##### Material for this exercise #####
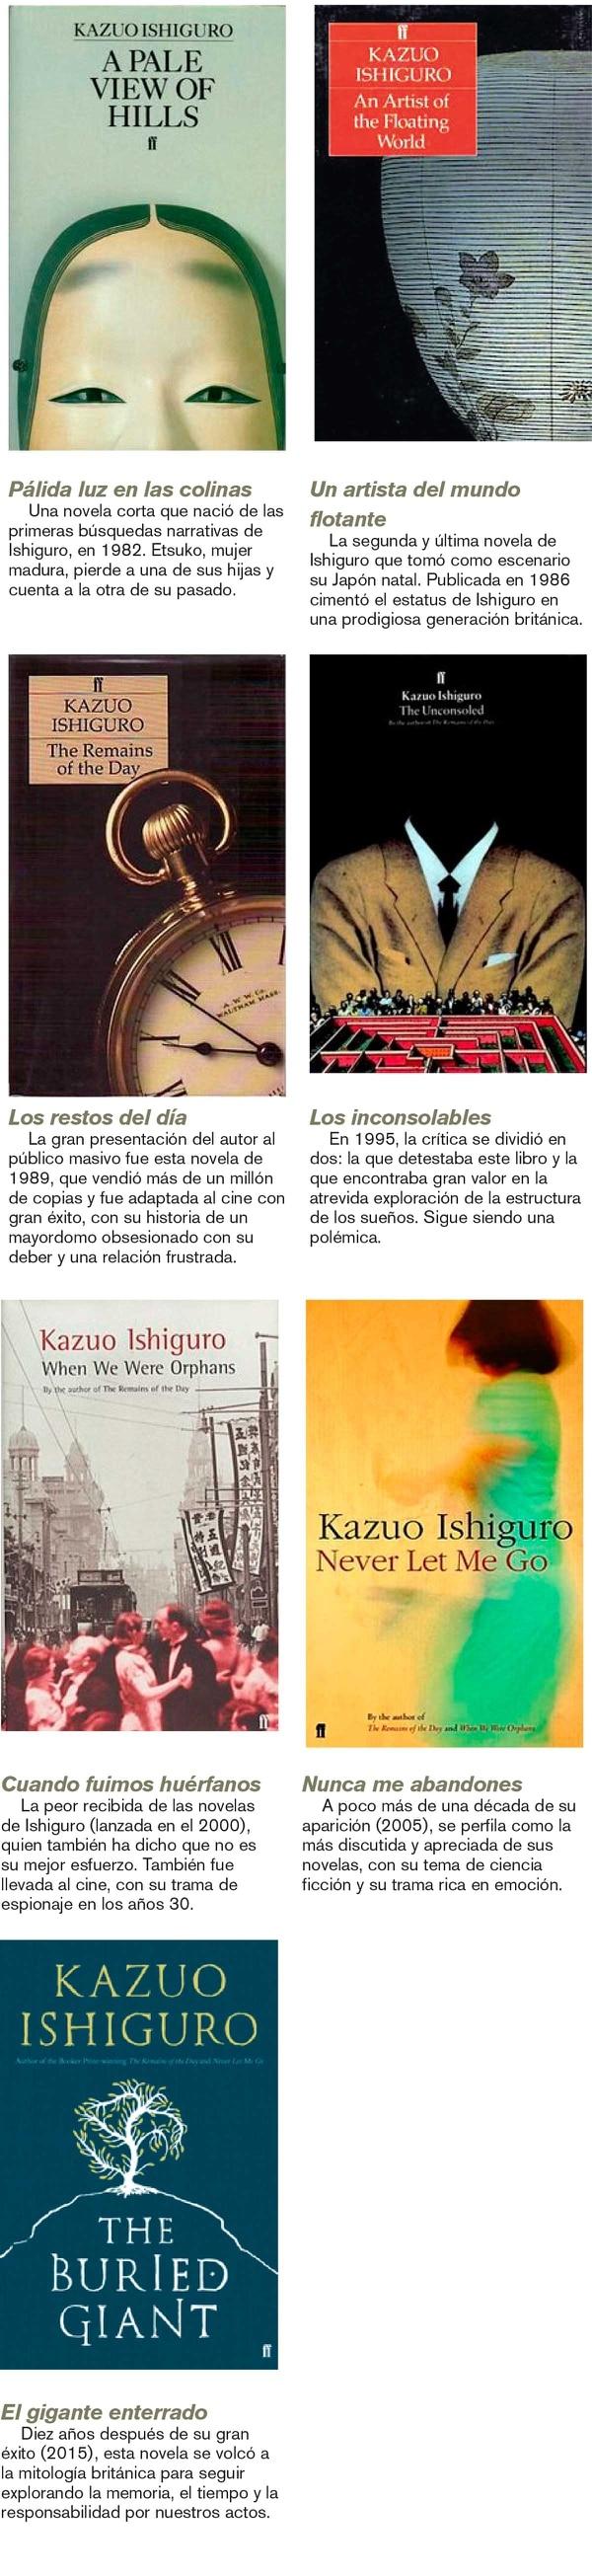 Libros de escritor Kazuo Ishiguro
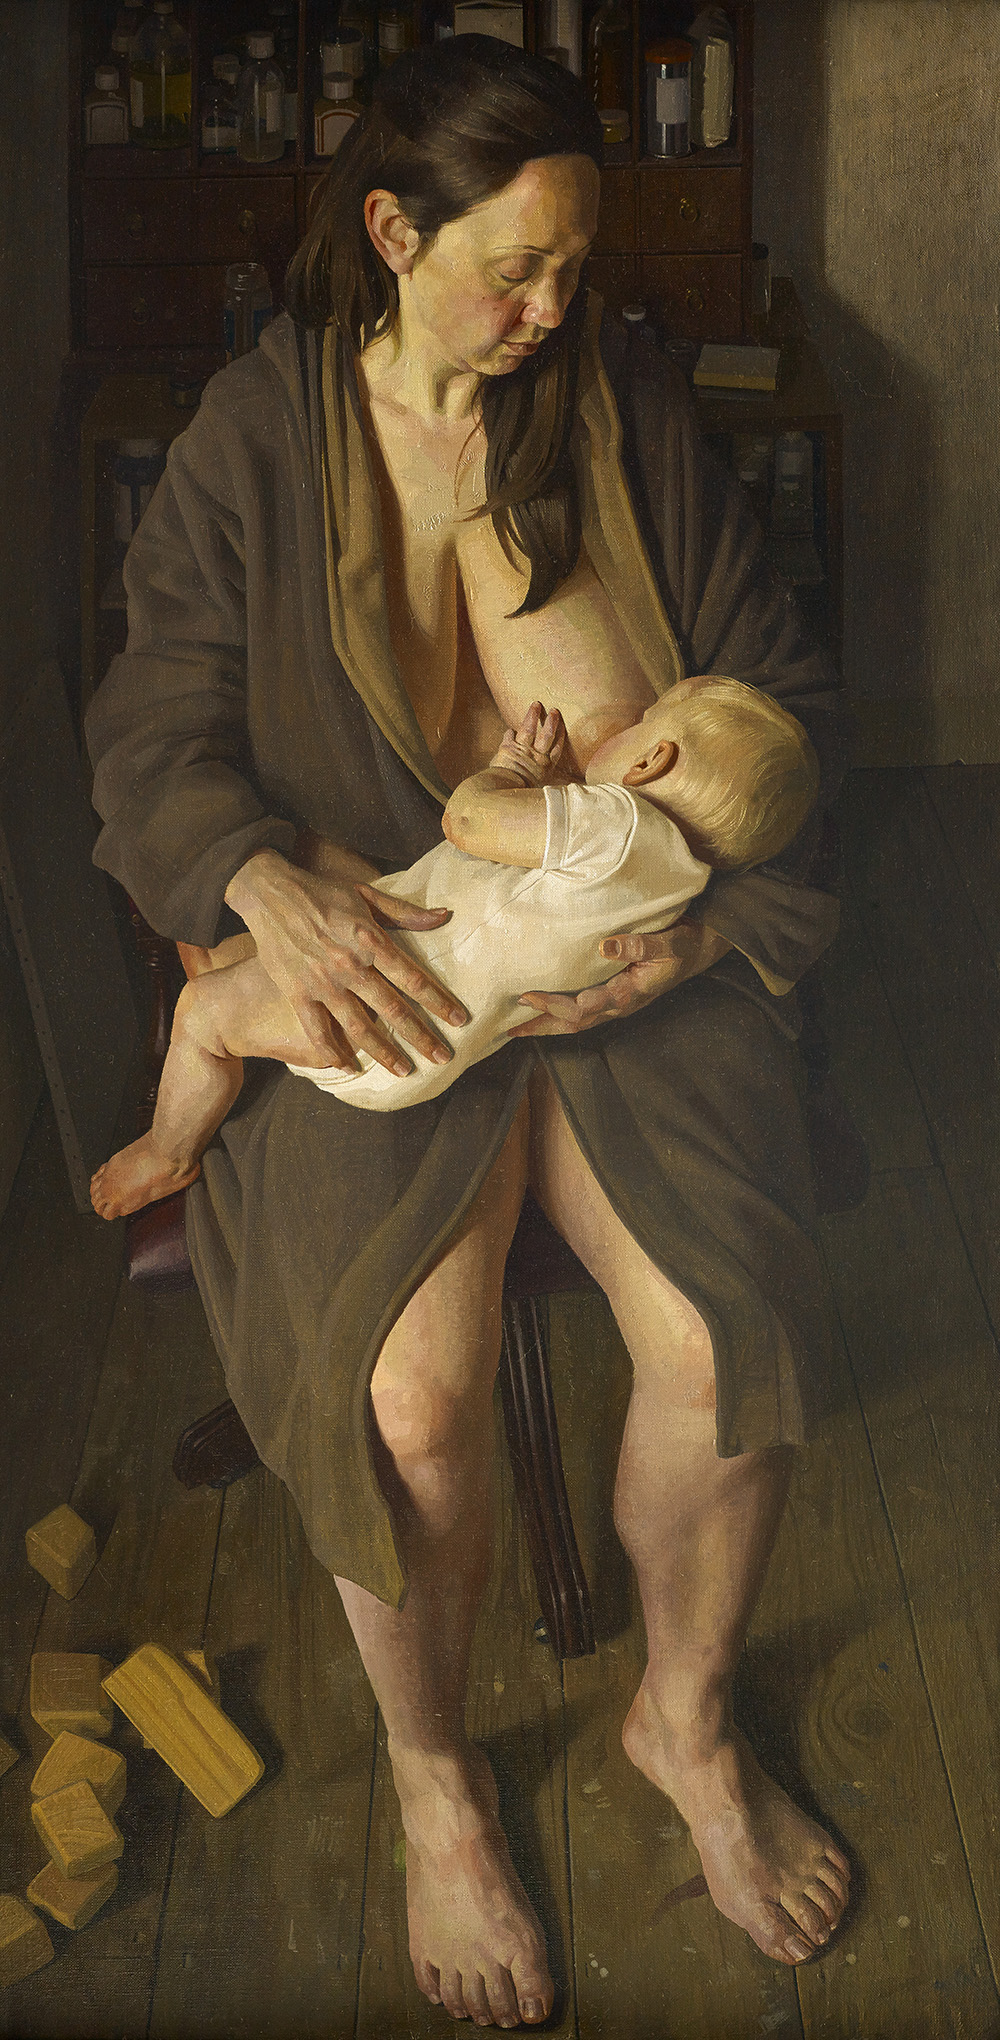 'Breech!', de Benjamin Sullivan © Benjamin Sullivan
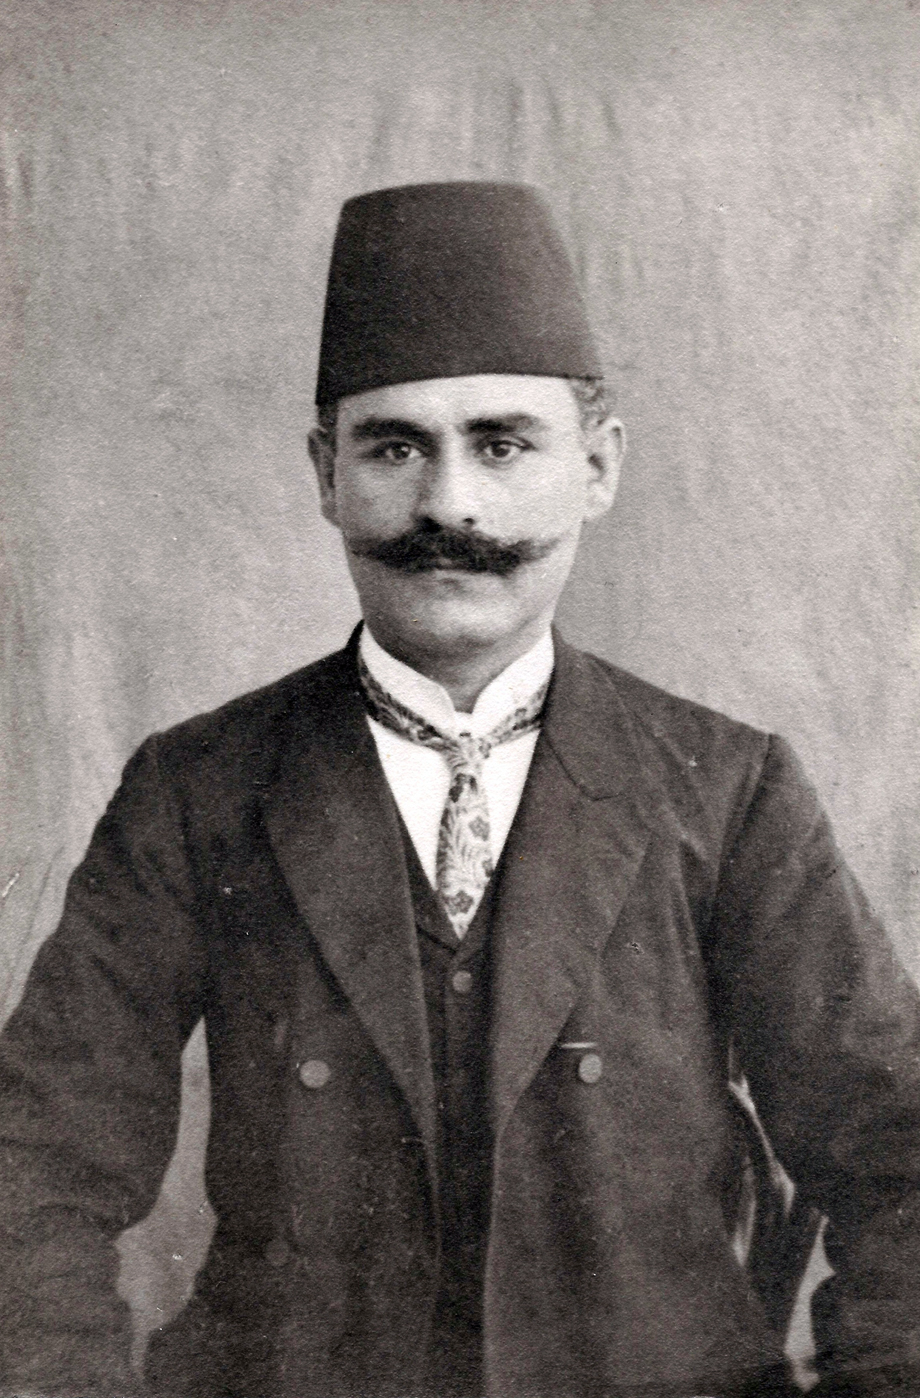 Dikran Kasardjian (1867-1929)
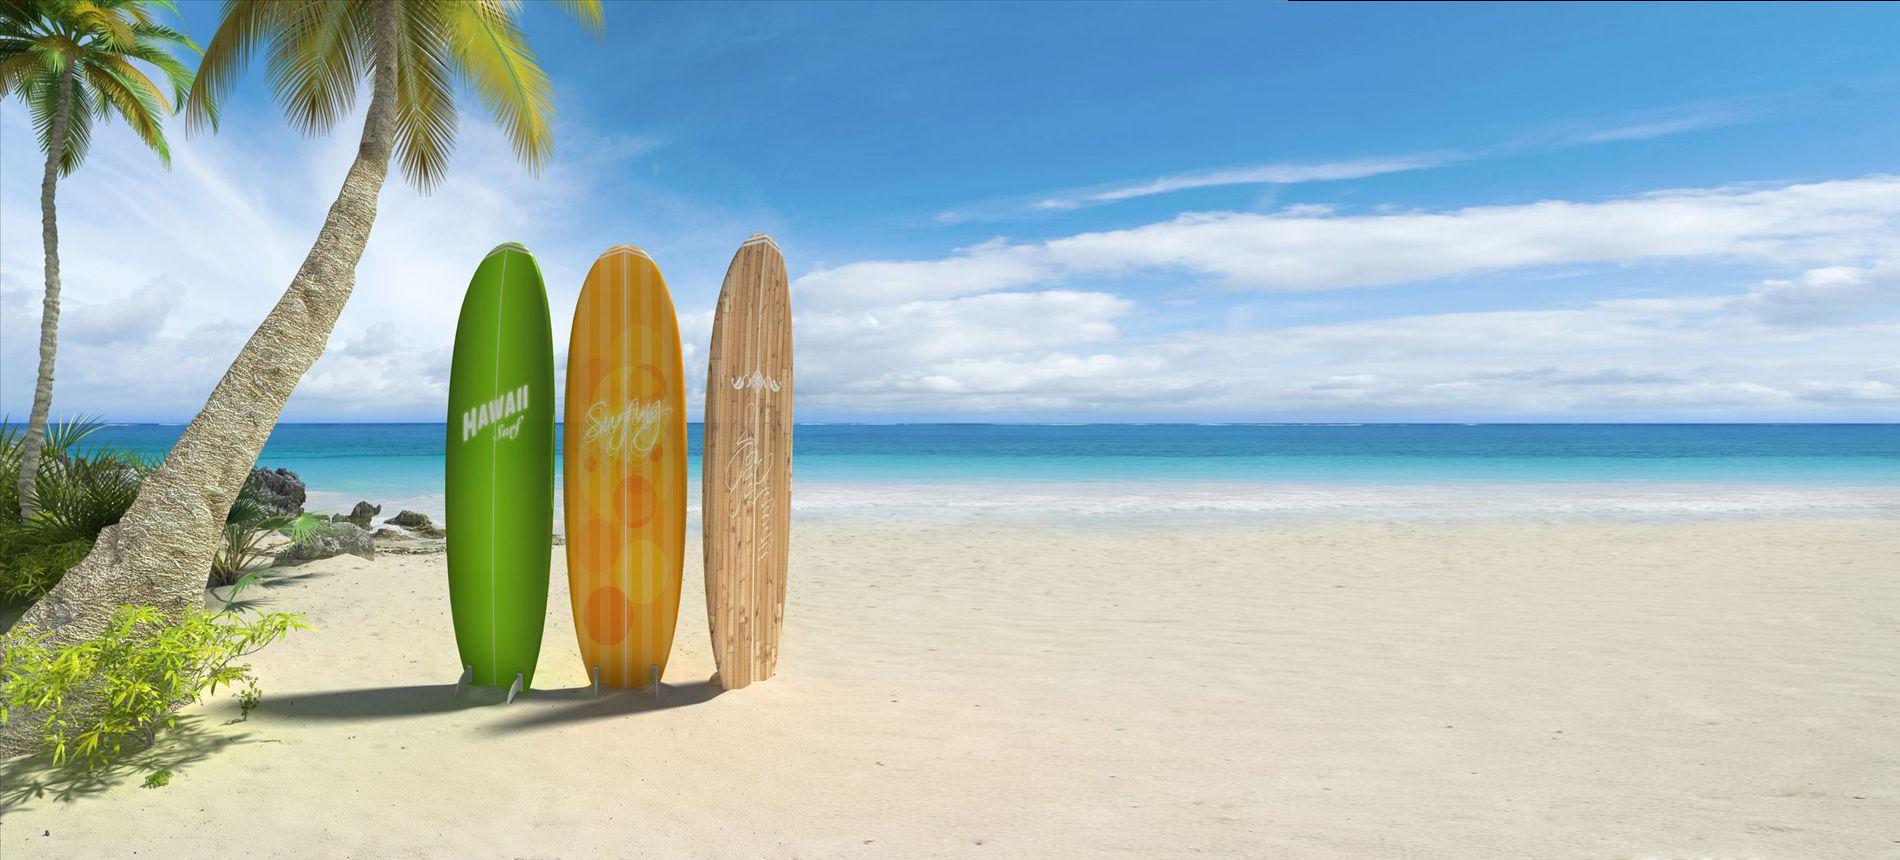 Best Free Photo Editing Software - PHOTO POS PRO V 3.0
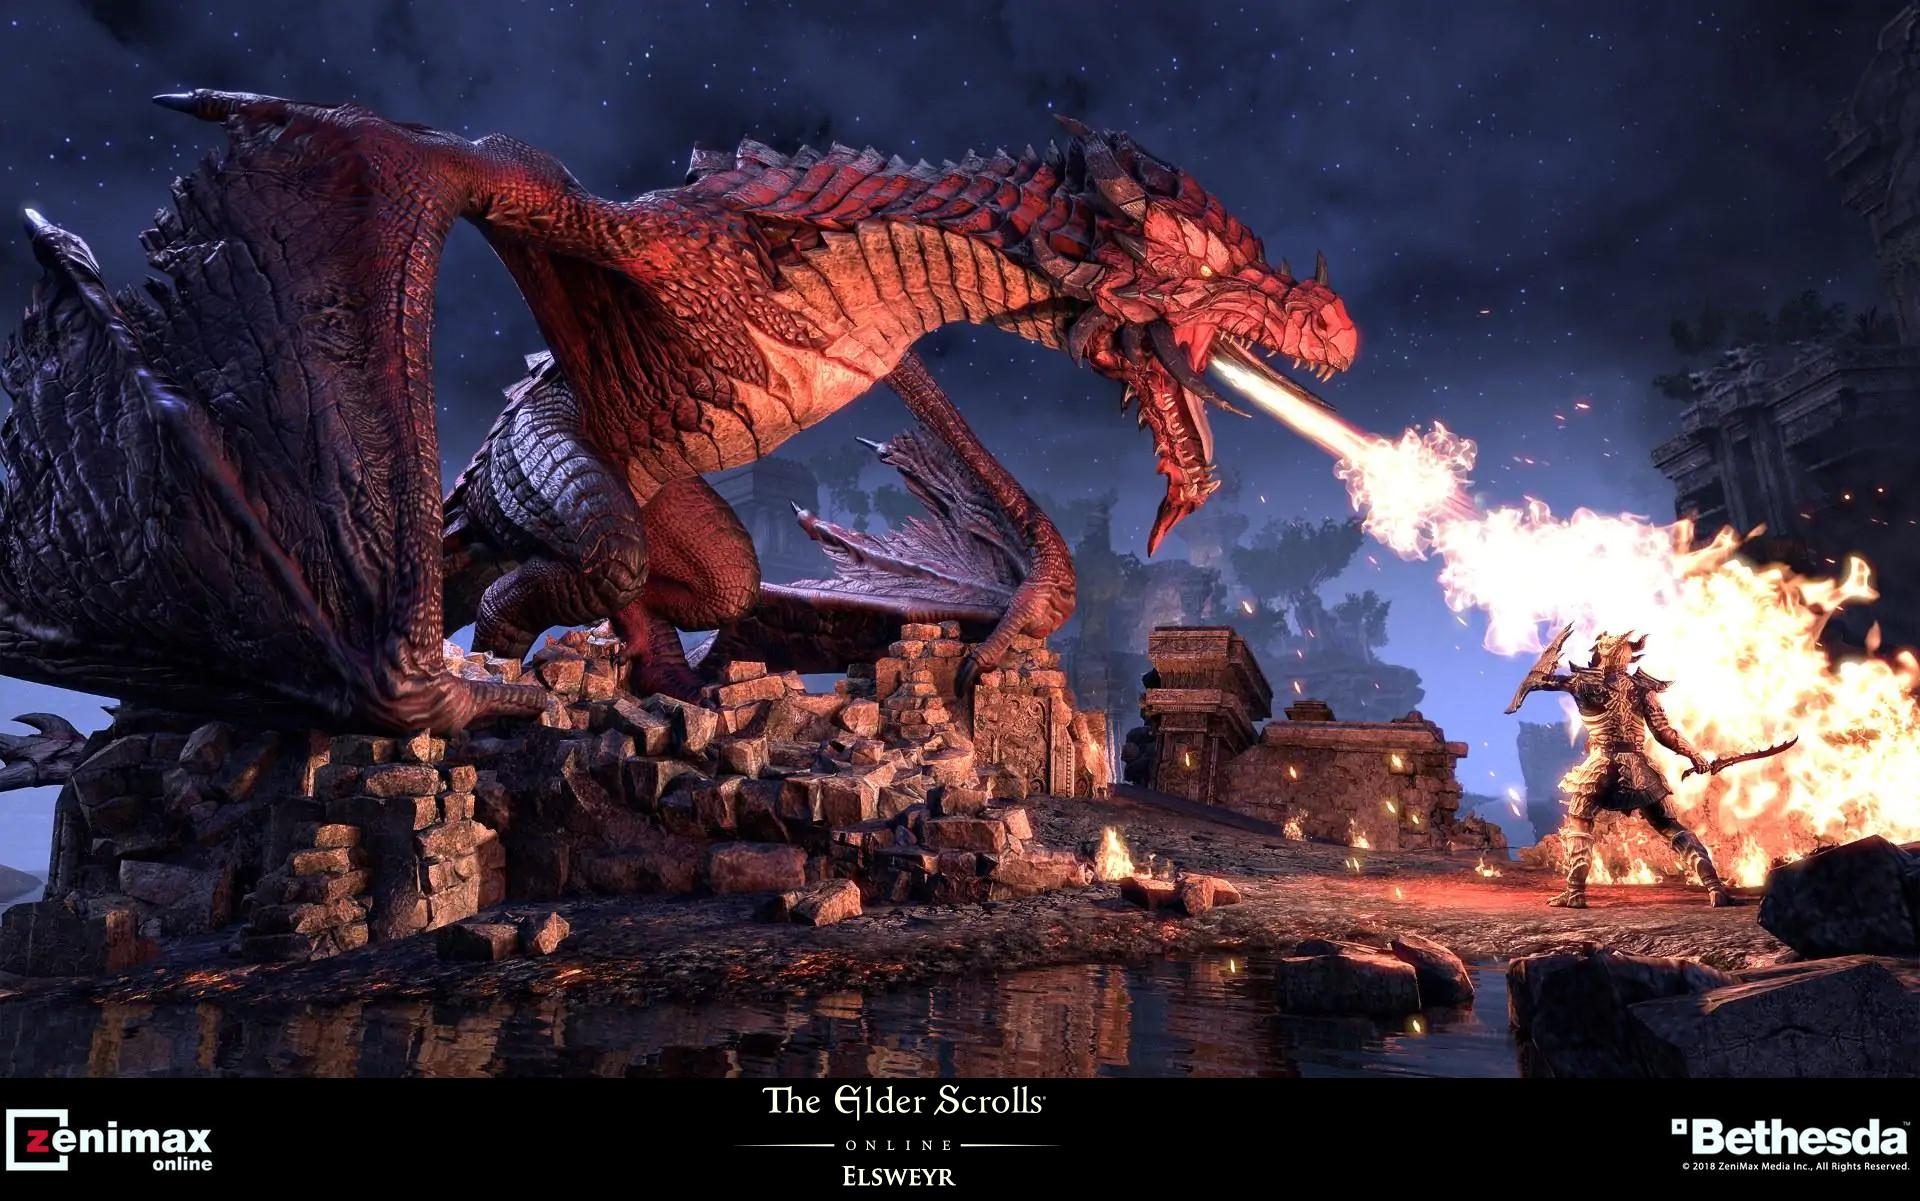 Ricardo graham reddragon realtime gamescreenshot01
#####
What you should do: Send back every line above exactly, skipping all pictures.

Written answer:
 Libros de escritor Kazuo Ishiguro
 'Breech!', de Benjamin Sullivan © Benjamin Sullivan
 Dikran Kasardjian (1867-1929)
 Best Free Photo Editing Software - PHOTO POS PRO V 3.0
 Ricardo graham reddragon realtime gamescreenshot01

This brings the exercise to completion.